9. The adaptive generation method for software test cases based on an AI model according to claim 2, characterized in that, The process of performing semantic parsing and structured representation of requirements also includes: Semantic role labeling and rule template matching are used to identify semantic phrases, extract entities and numerical ranges from constraints, and represent constraints as structured expressions containing constraint variables, operators and constraint values. Perform topological sorting and hierarchical partitioning on the demand semantic graph, assign a unique identifier to each node in the graph, and establish a node index.

10. An adaptive software test case generation system based on an AI model, characterized in that, An adaptive software test case generation method based on an AI model, as described in any one of claims 1-9, comprises: The requirements parsing module is used to obtain the original requirements document, perform requirements semantic parsing and structured representation, and obtain the requirements semantic graph.
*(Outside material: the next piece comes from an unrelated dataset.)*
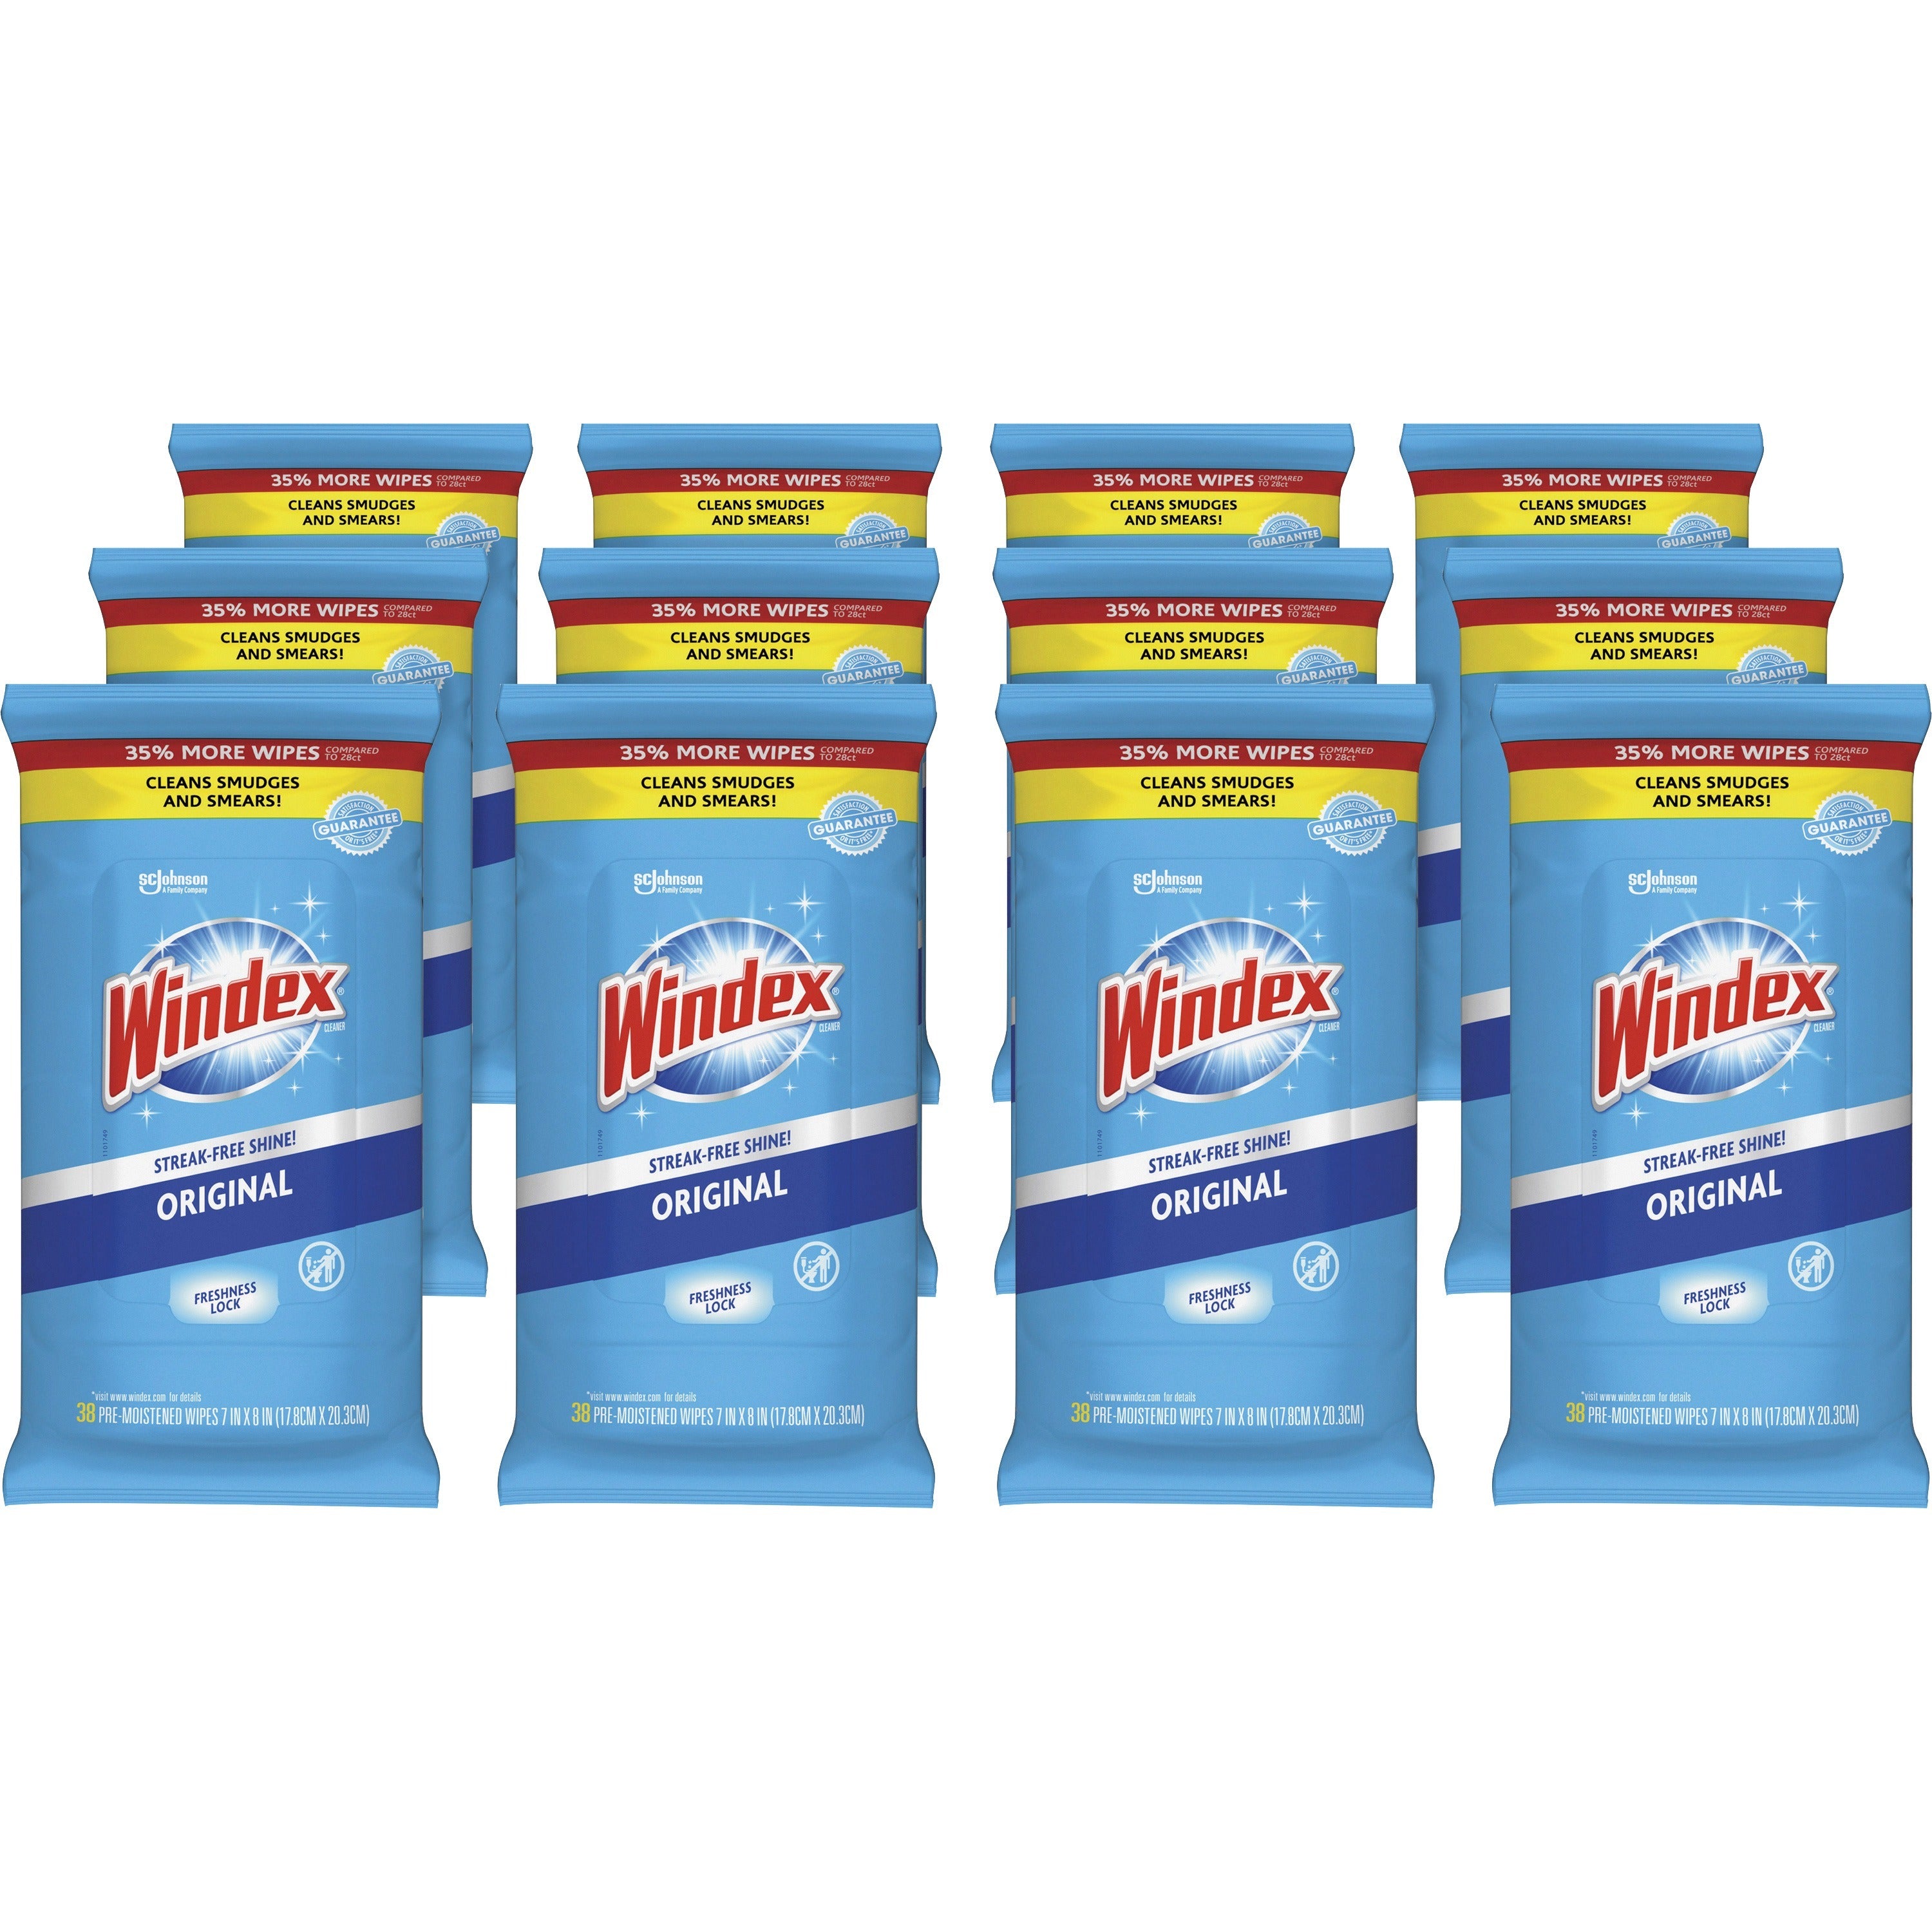 windex-glass-&-surface-wipes-ready-to-use-38-pack-12-carton-streak-free-unscented-chemical-free-white_sjn319251ct - 1

The code analysis module is used to acquire software source code, perform code analysis and multi-dimensional feature extraction, and obtain a code semantic feature map. The knowledge graph construction module performs semantic similarity calculation and graph alignment based on the requirement semantic graph and the code semantic feature graph to obtain the requirement-code mapping relationship; it acquires historical test case data and performs entity linking and association analysis in combination with the requirement-code mapping relationship to obtain the test knowledge graph; The scene recognition module, based on the test knowledge graph, identifies test scenes and prioritizes them to obtain a test scene priority list. The test case generation module generates test cases based on the test scenario priority list and the test knowledge graph, resulting in a test case set. The test case optimization module is used to perform quality assessment on the test case set, remove redundant test cases and add missing test cases to obtain an optimized test case set; The strategy update module evaluates the performance of test cases from multiple dimensions and continuously optimizes them based on the optimized test case set, resulting in an updated test case generation strategy.